◆ **What the task requires**
What you give back from the listing below should be an exact copy of the lines from the one with "24-جشنواره خودروهای تیون" down to the one with "Mulher é detida", and it should contain no pictures.

═══ Extracted records ═══

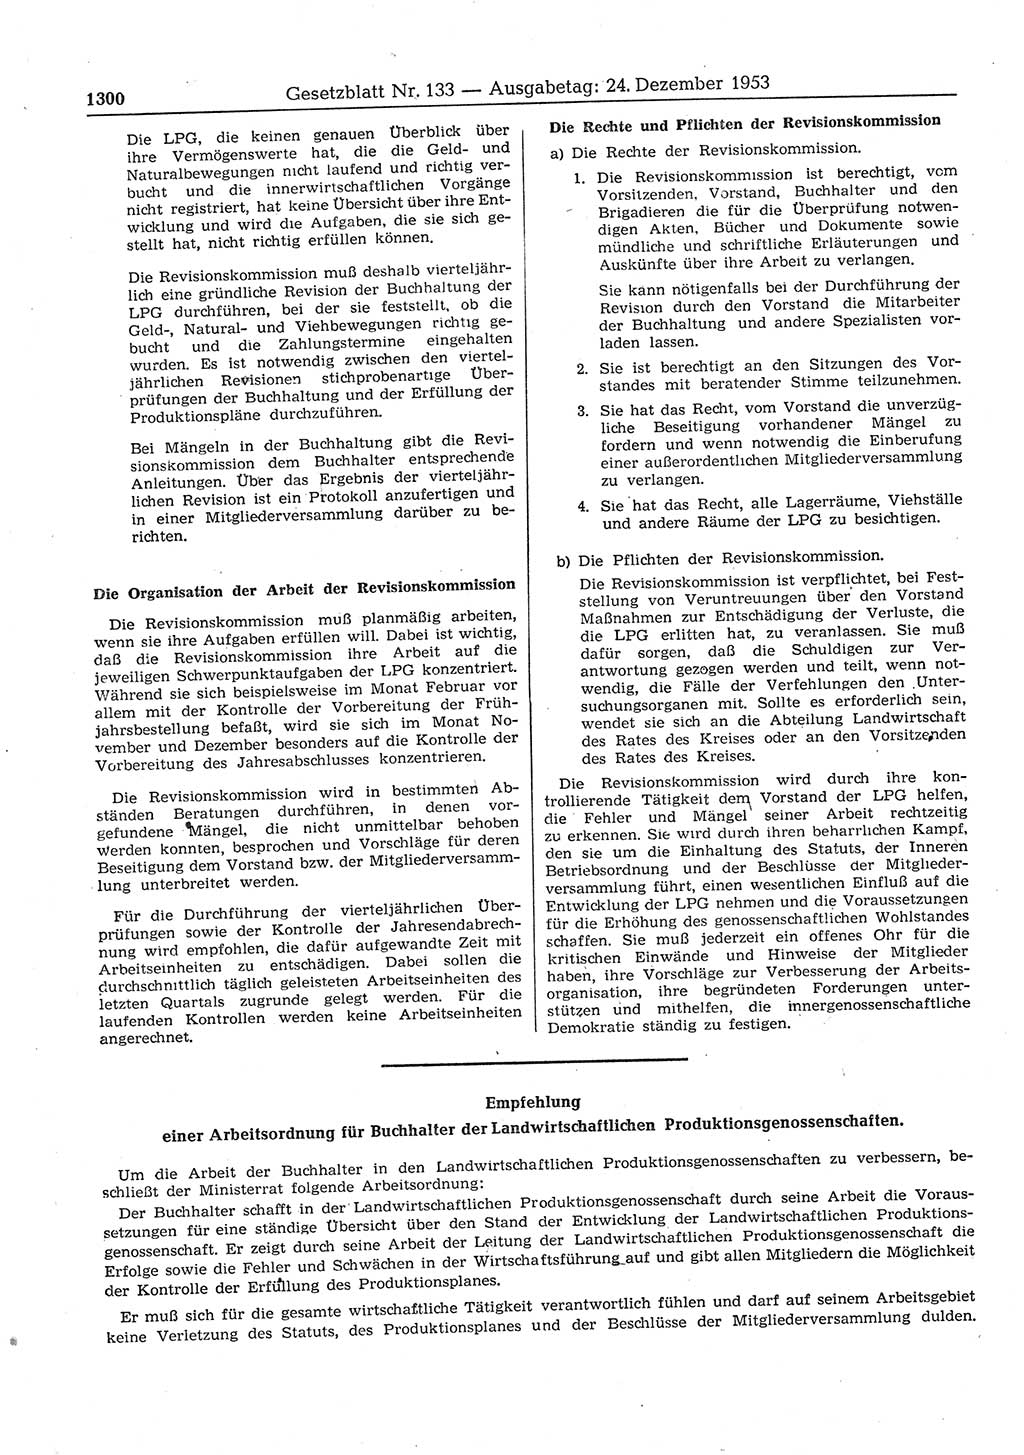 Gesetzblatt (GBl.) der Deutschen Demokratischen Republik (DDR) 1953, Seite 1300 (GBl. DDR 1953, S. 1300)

═══
═══ Extracted records ═══

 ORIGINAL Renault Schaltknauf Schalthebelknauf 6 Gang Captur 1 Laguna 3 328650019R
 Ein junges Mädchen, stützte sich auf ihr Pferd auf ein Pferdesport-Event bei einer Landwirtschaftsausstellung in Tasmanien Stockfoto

═══
═══ Extracted records ═══

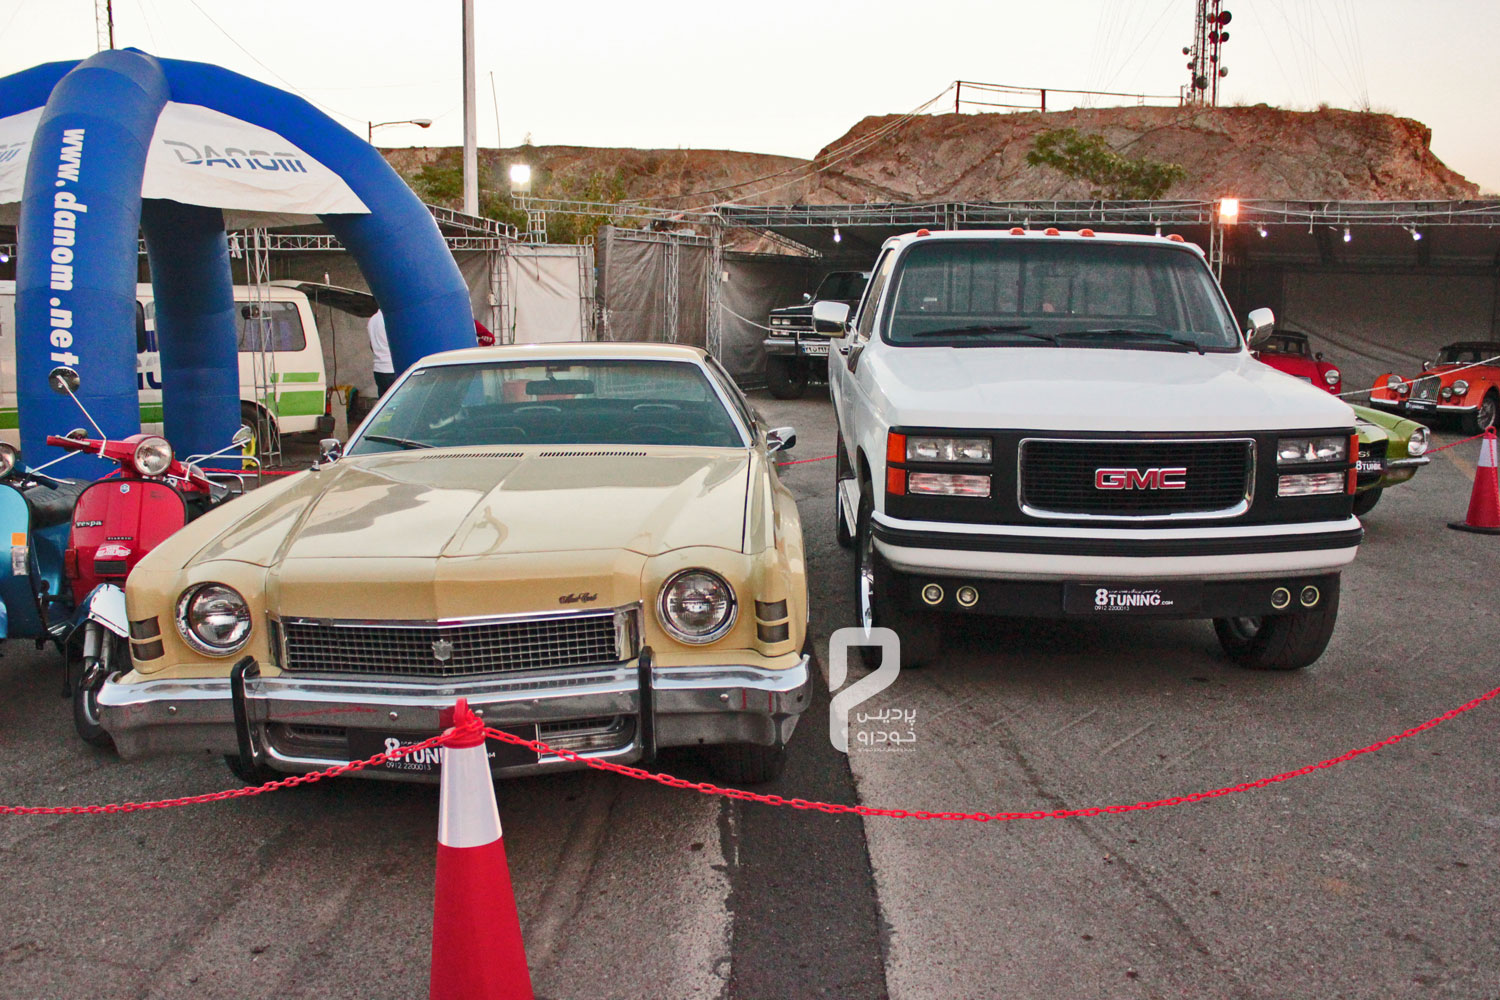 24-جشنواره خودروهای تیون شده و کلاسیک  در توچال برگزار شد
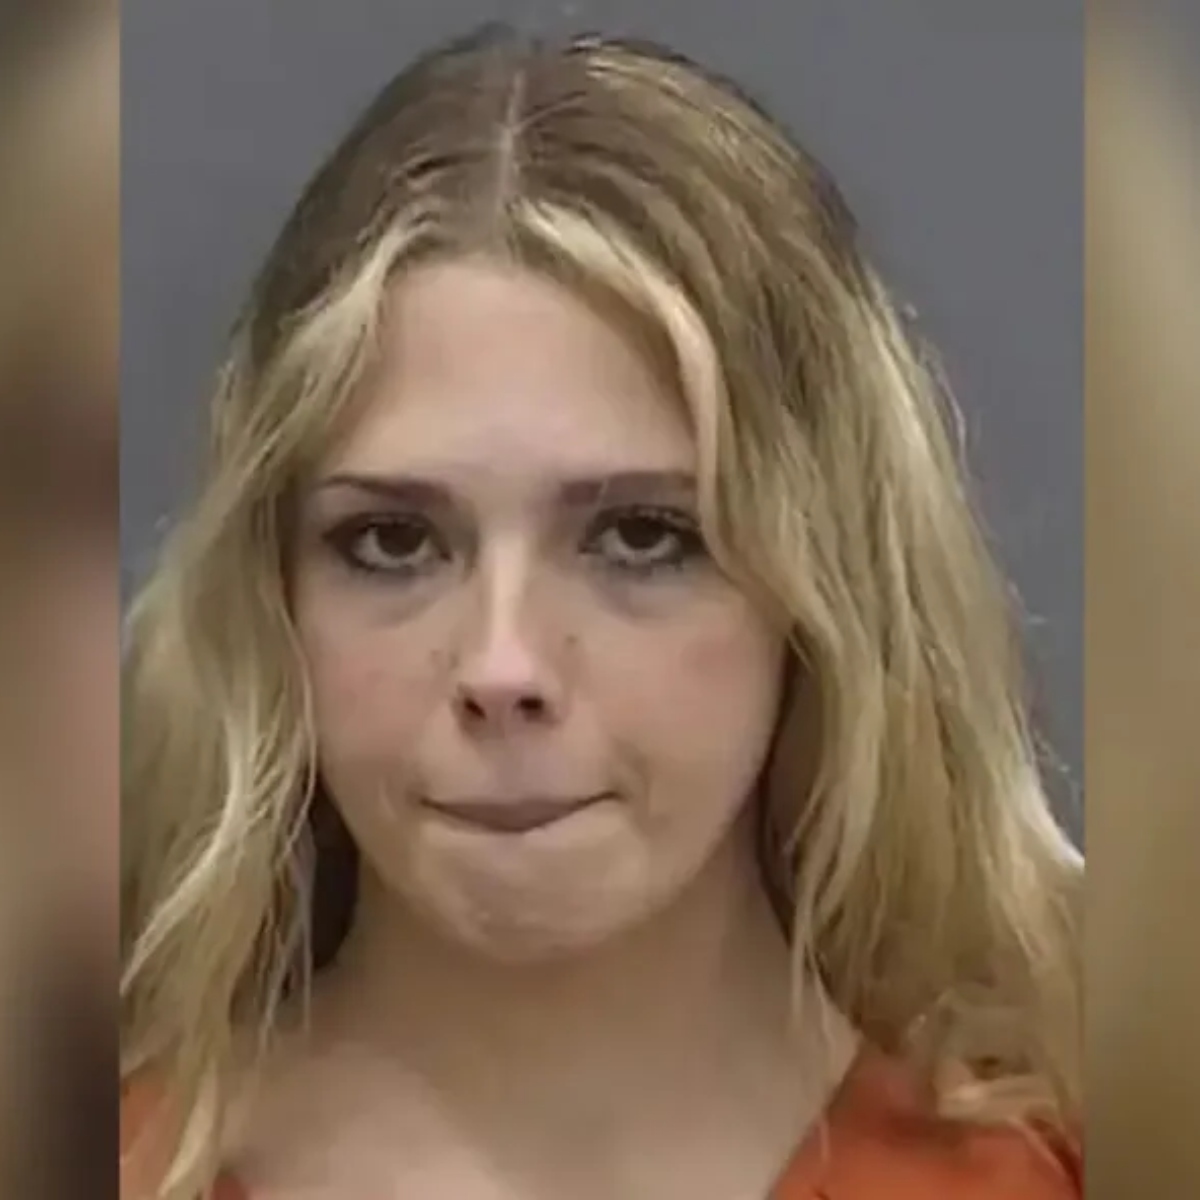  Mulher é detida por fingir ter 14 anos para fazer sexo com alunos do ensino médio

═══

◆ **Exercise output**
 24-جشنواره خودروهای تیون شده و کلاسیک  در توچال برگزار شد
  Mulher é detida por fingir ter 14 anos para fazer sexo com alunos do ensino médio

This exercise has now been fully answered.